Выбрать главу

Она была бы рада, если бы в спальне кто-то был. Но кроме стайки котов и их хозяйки там было пусто. А скоро должно было стать еще более безлюдно.

Кошка включила свет и взглянула на Кошатницу. Та чахла на глазах. Щеки ввалились, делая лицо похожим на египетскую мумию. Мутный взгляд добавлял схожести с живым мертвецом. И, самое ужасное, во всем ее теле читалась печаль умирающей души.

Кошатница собиралась поинтересоваться, с какой стати Кошке не пьется чай в другом месте, но раздавшееся со всех сторон кошачье шипение доложило ей, что это совсем не чай.

В ее глазах мелькнула искра удивления — она уже не надеялась, что подруга осмелится помогать ей. А потом блаженное расслабление — она все-таки согласилась… Верная, умная Кошка. Она-то в отличие от других добреньких гуманистов понимает, как тяжело дается такая жизнь. Кошатница приняла бы ее отказ, хотя всем сердцем истинно надеялась на согласие.

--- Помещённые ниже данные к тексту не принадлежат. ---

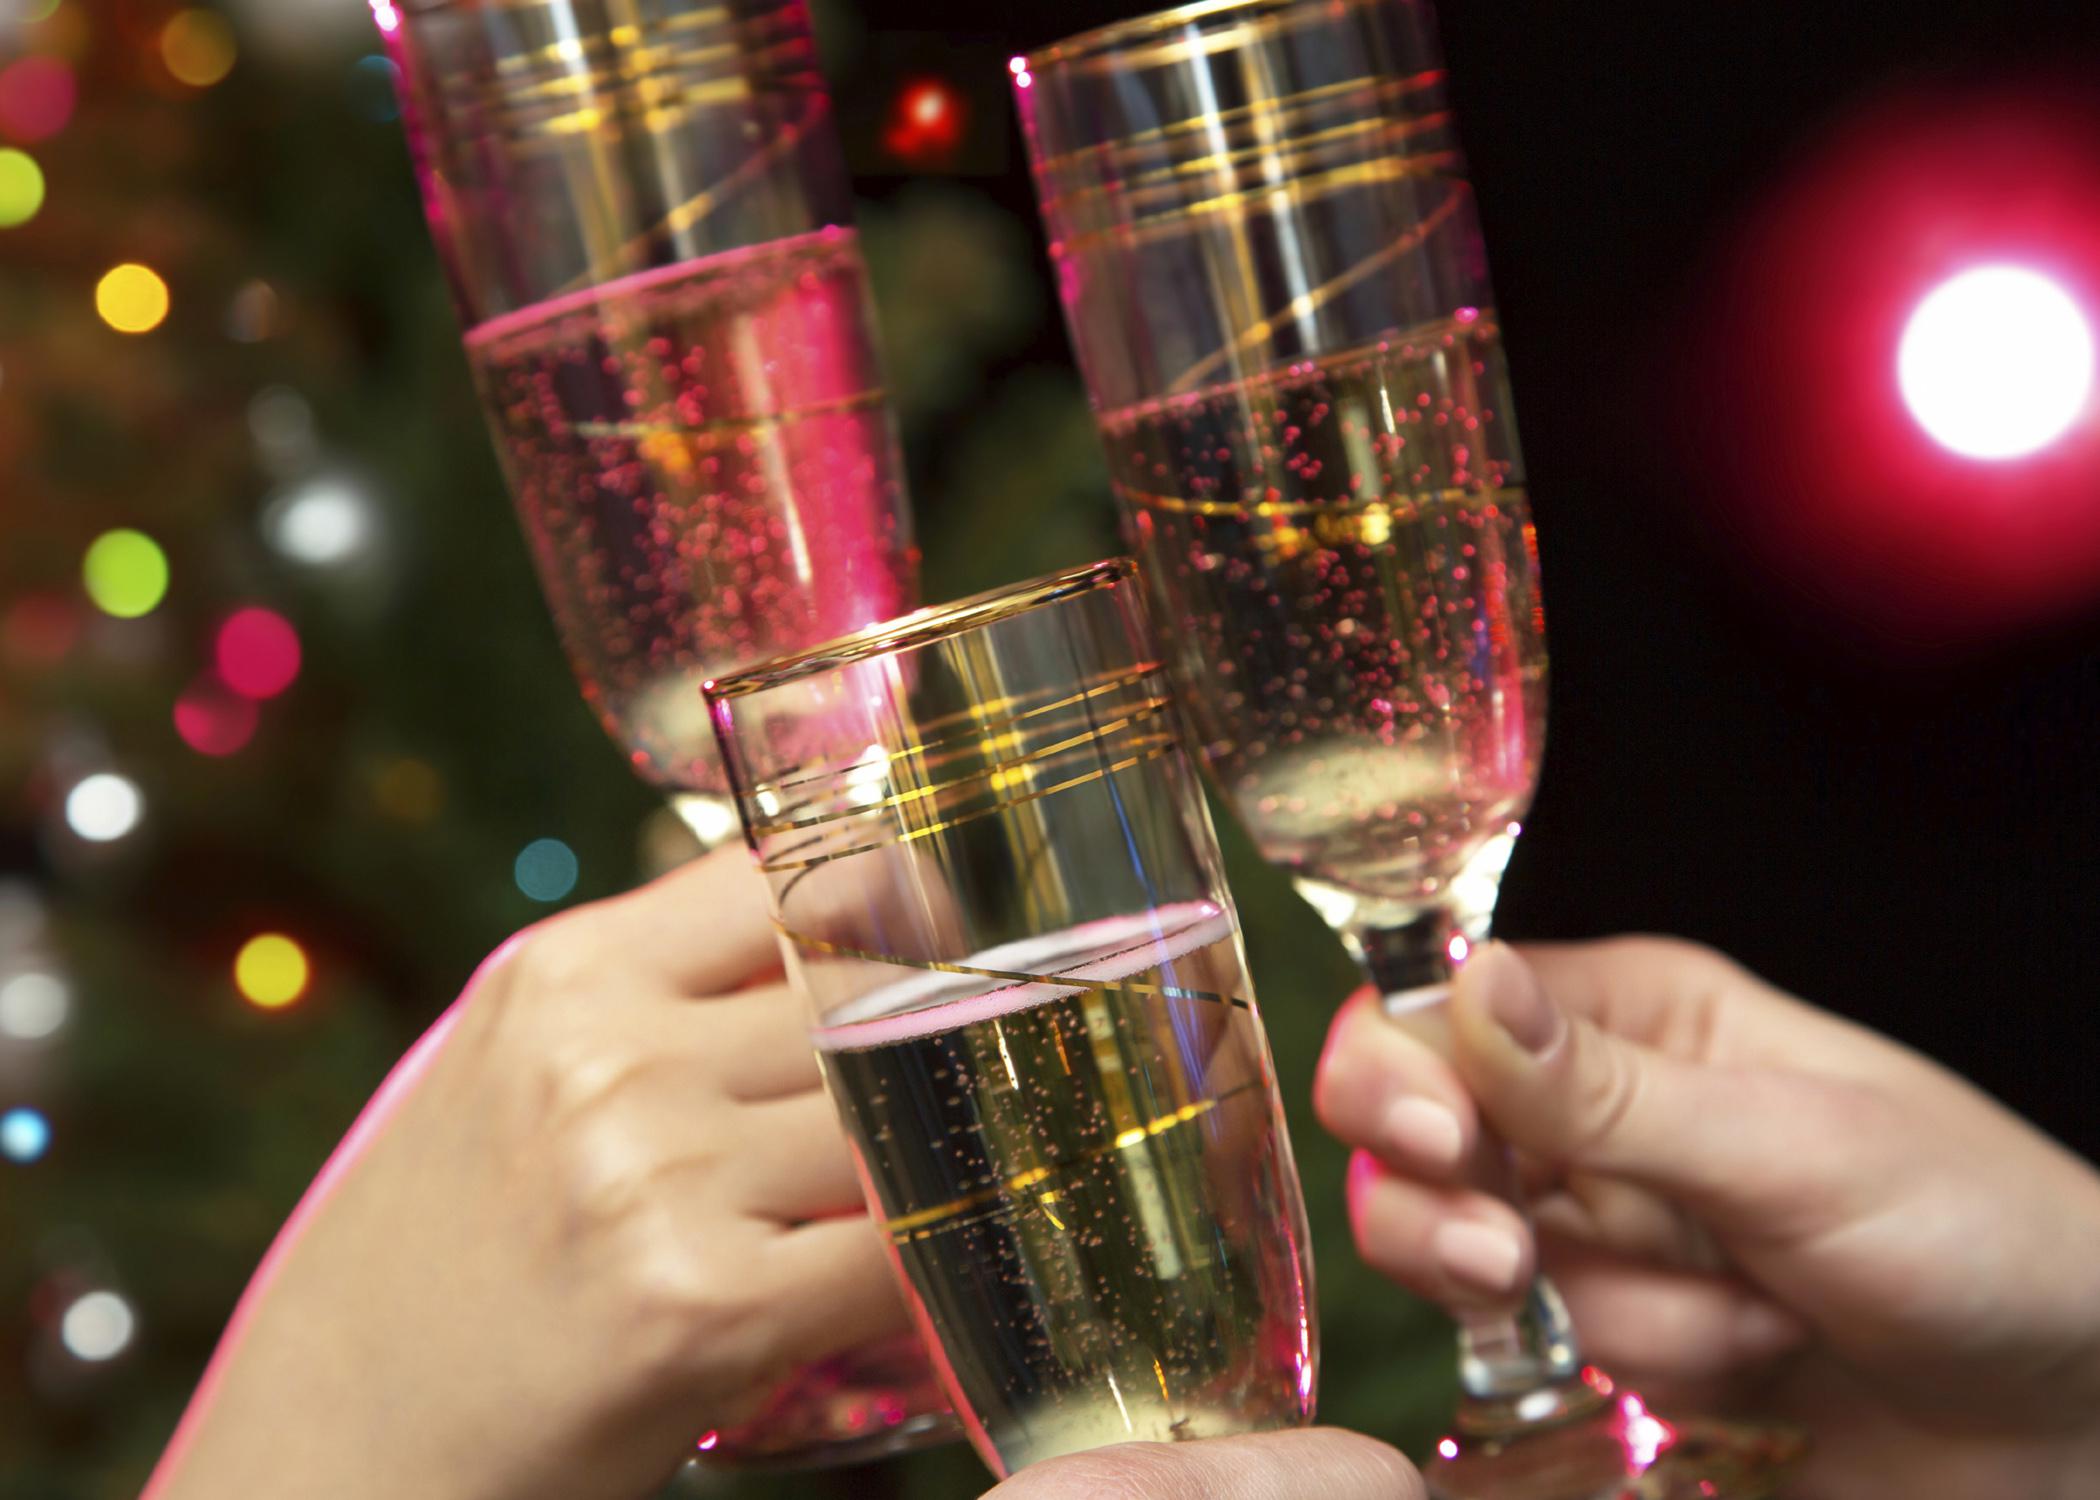 Holiday stress can trigger excessive drinking for alcoholics. Individuals in recovery from alcohol addiction should avoid gatherings with alcohol or make special arrangements if they must attend. (Photo from istockphoto/Chagin)

А Кошка так и замерла со страшным зельем в руке. Оно неожиданно начало жечь кожу, так что больше всего на свете хотелось выбросить мерзкую кружку. Кошка вдруг почувствовала себя десятилетней девочкой, впервые оказавшейся в не слишком дружественном пристанище. Одинокой и напуганной. На глаза навернулись слезы, и Кошке стоило немалого труда их сморгать.

— Не надо, — с надеждой прошептала она, тоскливо глядя на Кошатницу.

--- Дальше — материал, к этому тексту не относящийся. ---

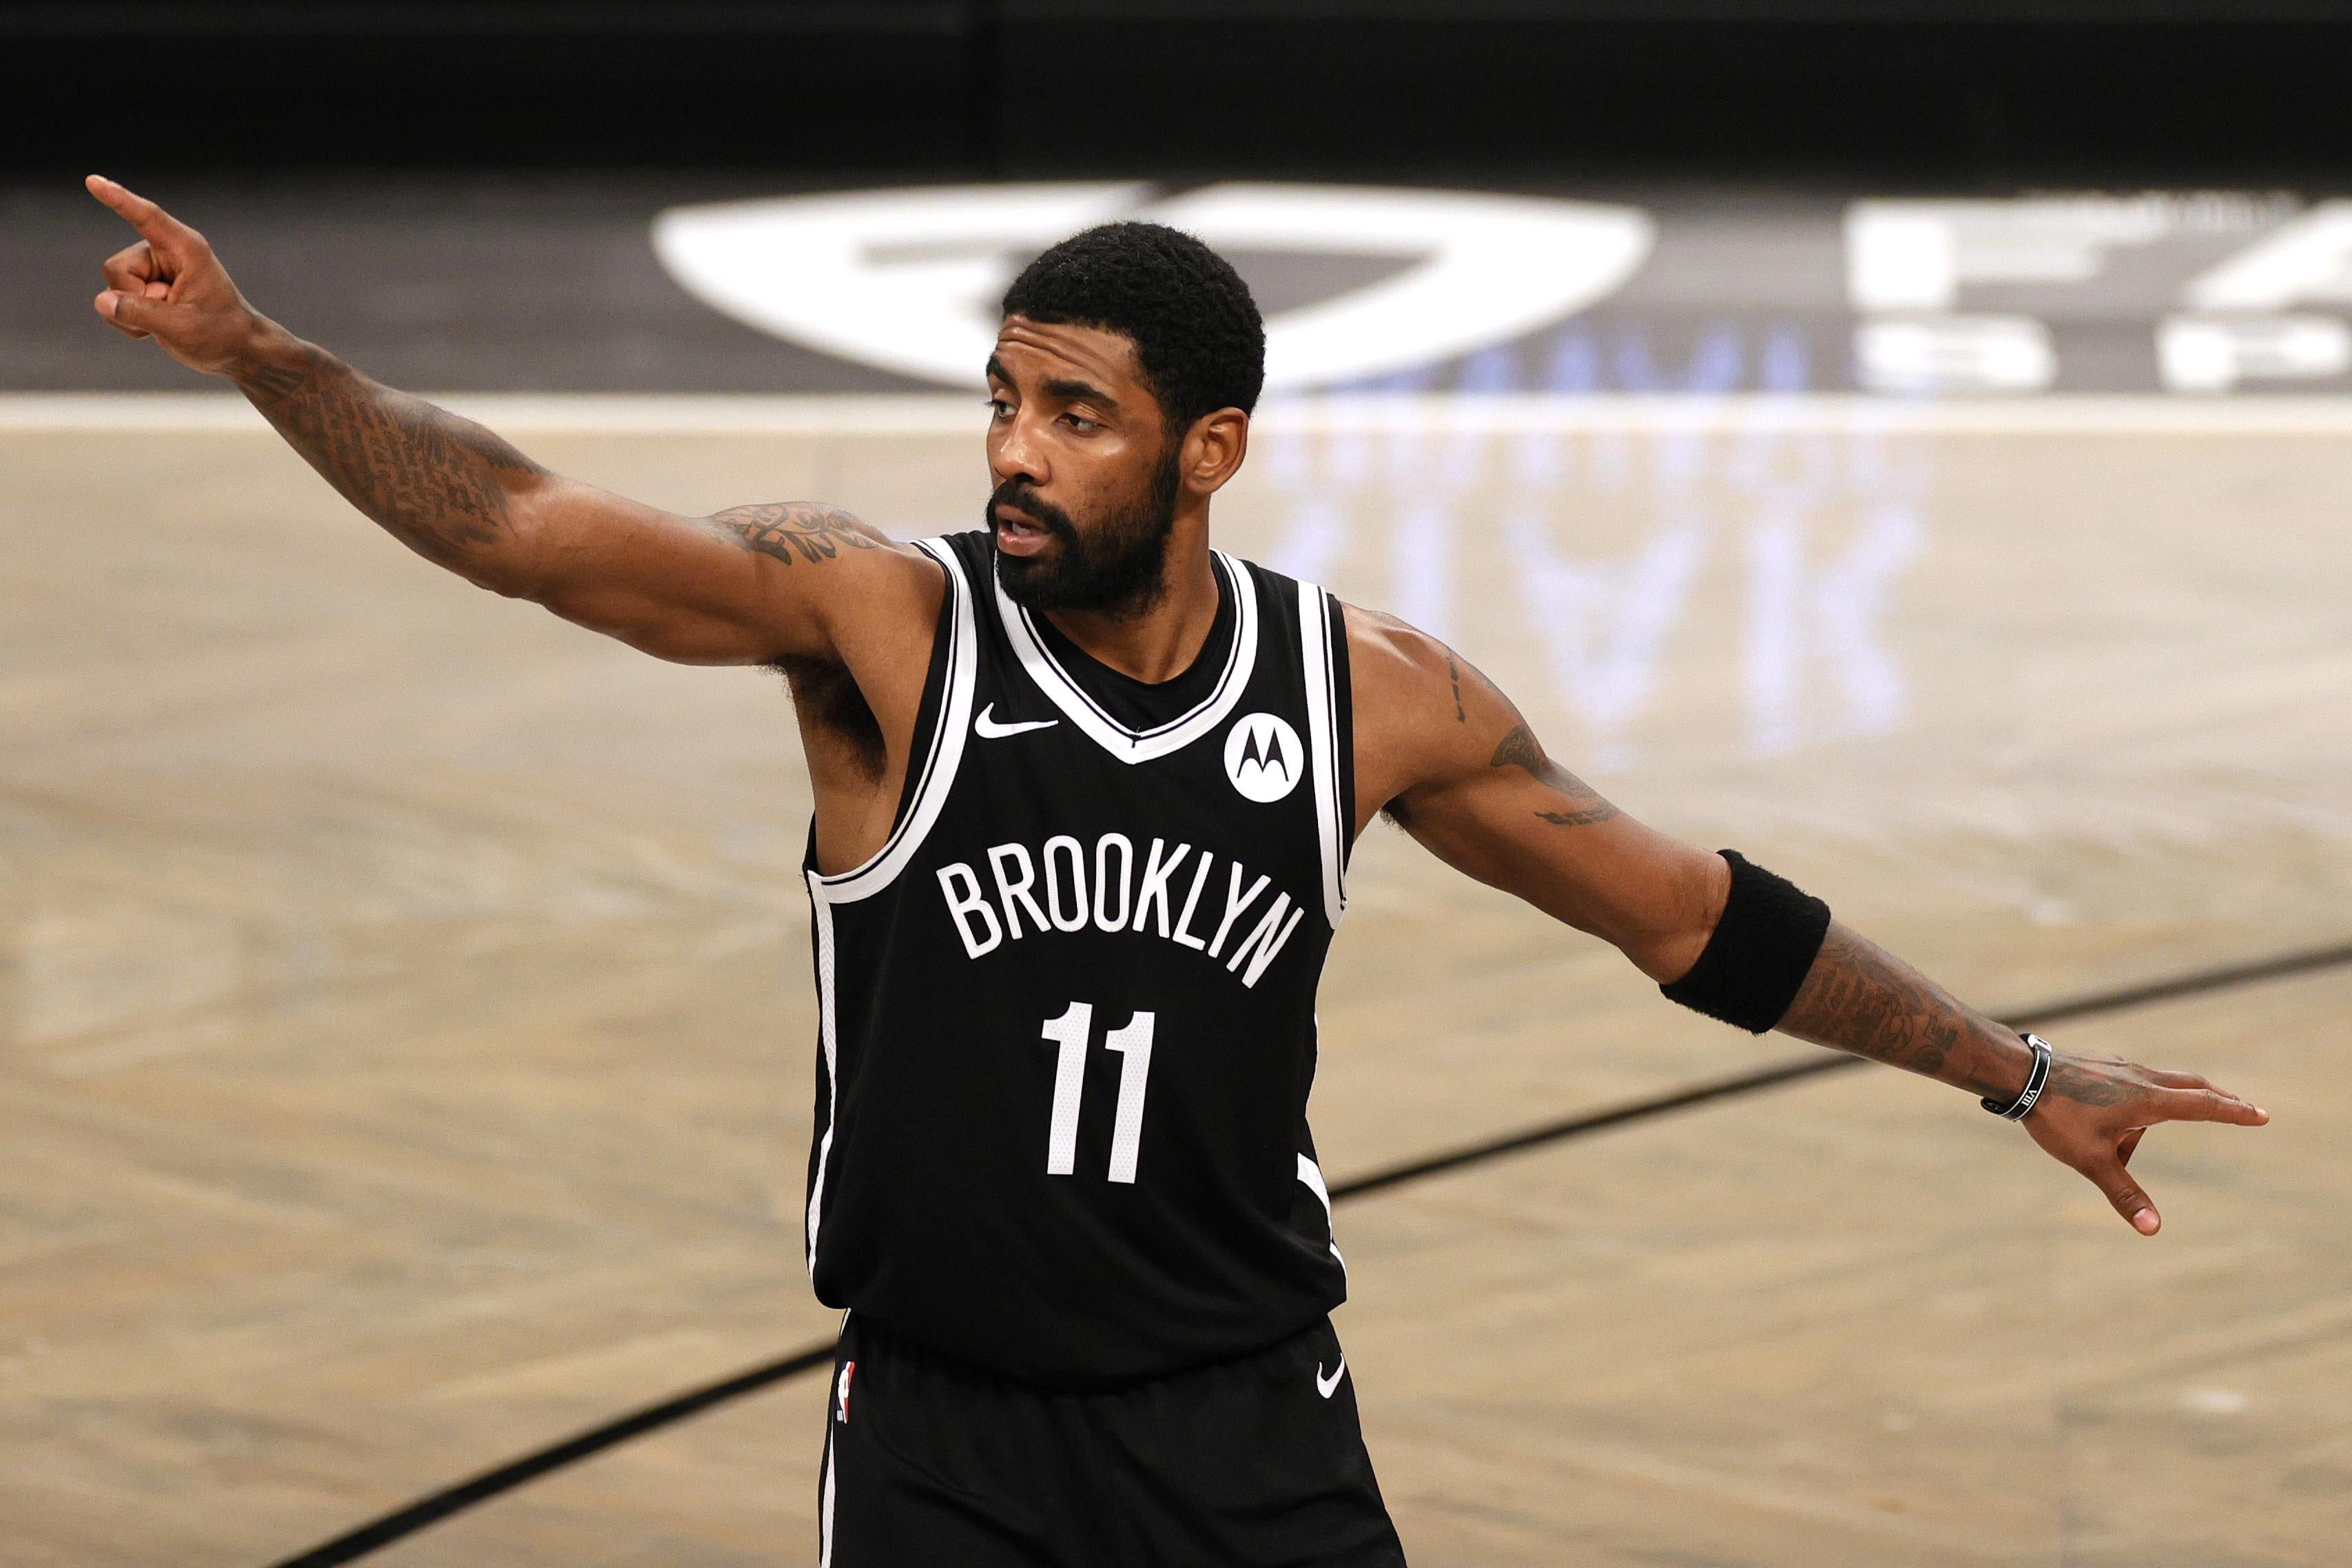 Kyrie Irving of the Brooklyn Nets points during an NBA game.

Кошатница устало прикрыла глаза, а когда открыла их, Кошка не узнала ее — лицо разгладилось и приобрело расслабленное выражение не обремененной никакими проблемами молодой девушки. Оно стало возвышенно-одухотворенным, будто перед Кошкой появился из небытия совершенно другой человек.

— Прости, Коша, — улыбнулась эта новая Кошатница, и у Кошки упало сердце, настолько очаровательной она стала. Такой бы она была, если бы не чертов полиомиелит? — Но это мое окончательное решение. Ты же сама говорила о свободе выбора. Это — мой. И если бы не ты, я бы его все равно не осталась. Но сделала бы это гораздо более странным и страшным способом.

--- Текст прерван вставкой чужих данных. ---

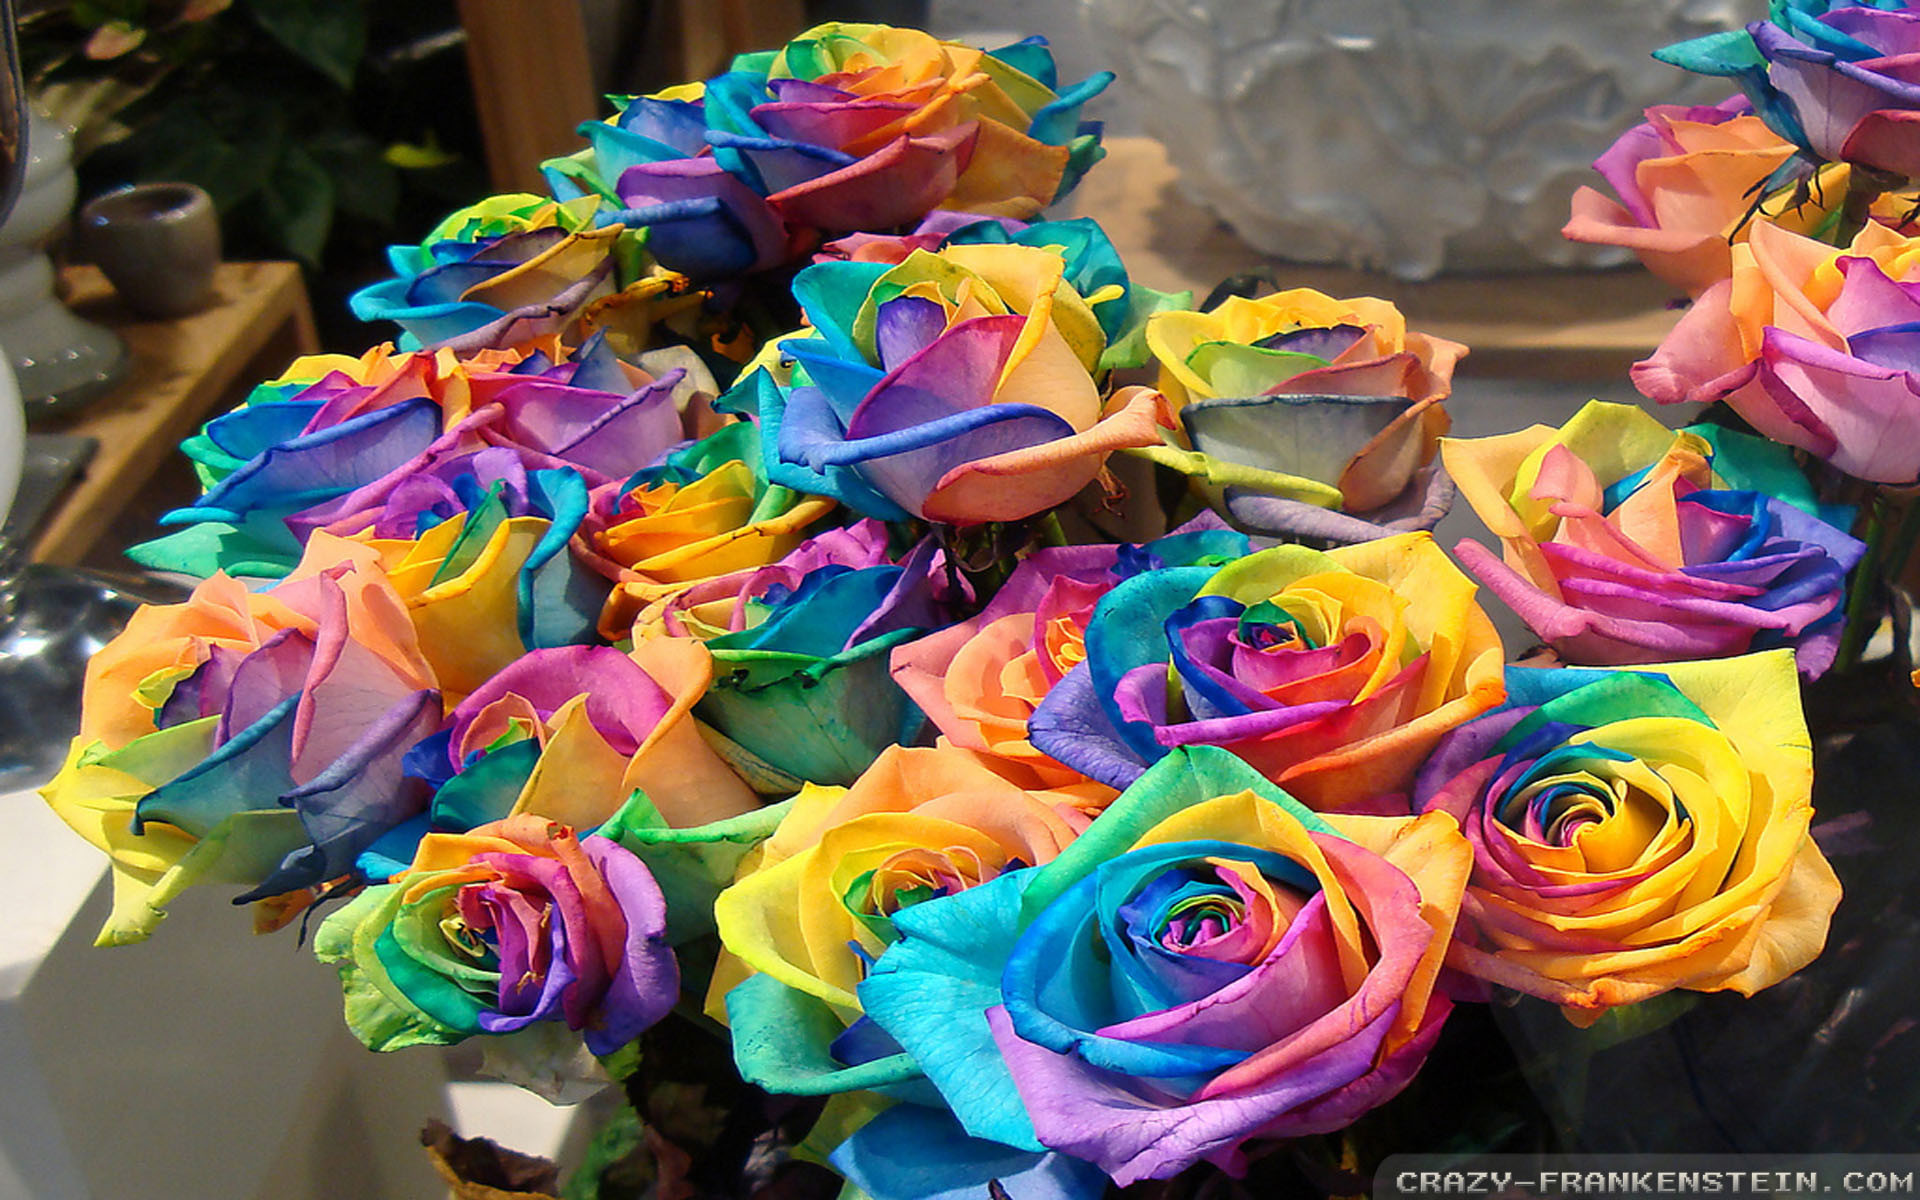 Rainbow Roses Background ·① Wallpapertag

Кошка закусила губу и шагнула ближе. Пару секунд посмотрела на кружку, где уже выпал осадок. Потом на озаренную надеждой Кошатницу.

— Я не могу, — затравленно выдавила Кошка.

— Знаю, — кивнула Кошатница. — Поставь на тумбочку.

Кошка не слушающимися руками выполнила последнюю просьбу, стараясь не смотреть на Кошатницу. Прощальная истерика — не то, что той сейчас нужно.

— Принеси соломинку, — это уже мохнатому коту.

— Я… — начала было Кошка, но горький комок напрочь сжал горло, помешав продолжить. Всхлипнув, она развернулась и поспешила к выходу. Огромная часть ее души рвалась перевернуть тумбочку вместе с несчастной кружкой, но острый взгляд в спину настрого запрещал это делать.

— Кошка, — уже на пороге окликнула Кошатница, и голос ее дрогнул. — А ведь я права была: и путешествие у тебя было, и «дурак»…

Кошка хмыкнула прямо сквозь слезы:

— Не ту девушку прозвали Ведьмой.

На душе стало еще поганее от некстати зародившейся надежды.

— А Кошкой именно ту, — окончание фразы утонуло во всхлипе, и Кошка чуть ли не бегом бросилась прочь.

Она не могла больше оставаться в Доме и, не разбирая дороги, вылетела во двор. Старый охранник, как на зло, был на месте, но Кошку это не остановило. Она юркнула на задний двор, к зарослям за собачьей будкой. Рыжая в детстве показала ей этот лаз, и сейчас Кошка была благодарна ей как никогда.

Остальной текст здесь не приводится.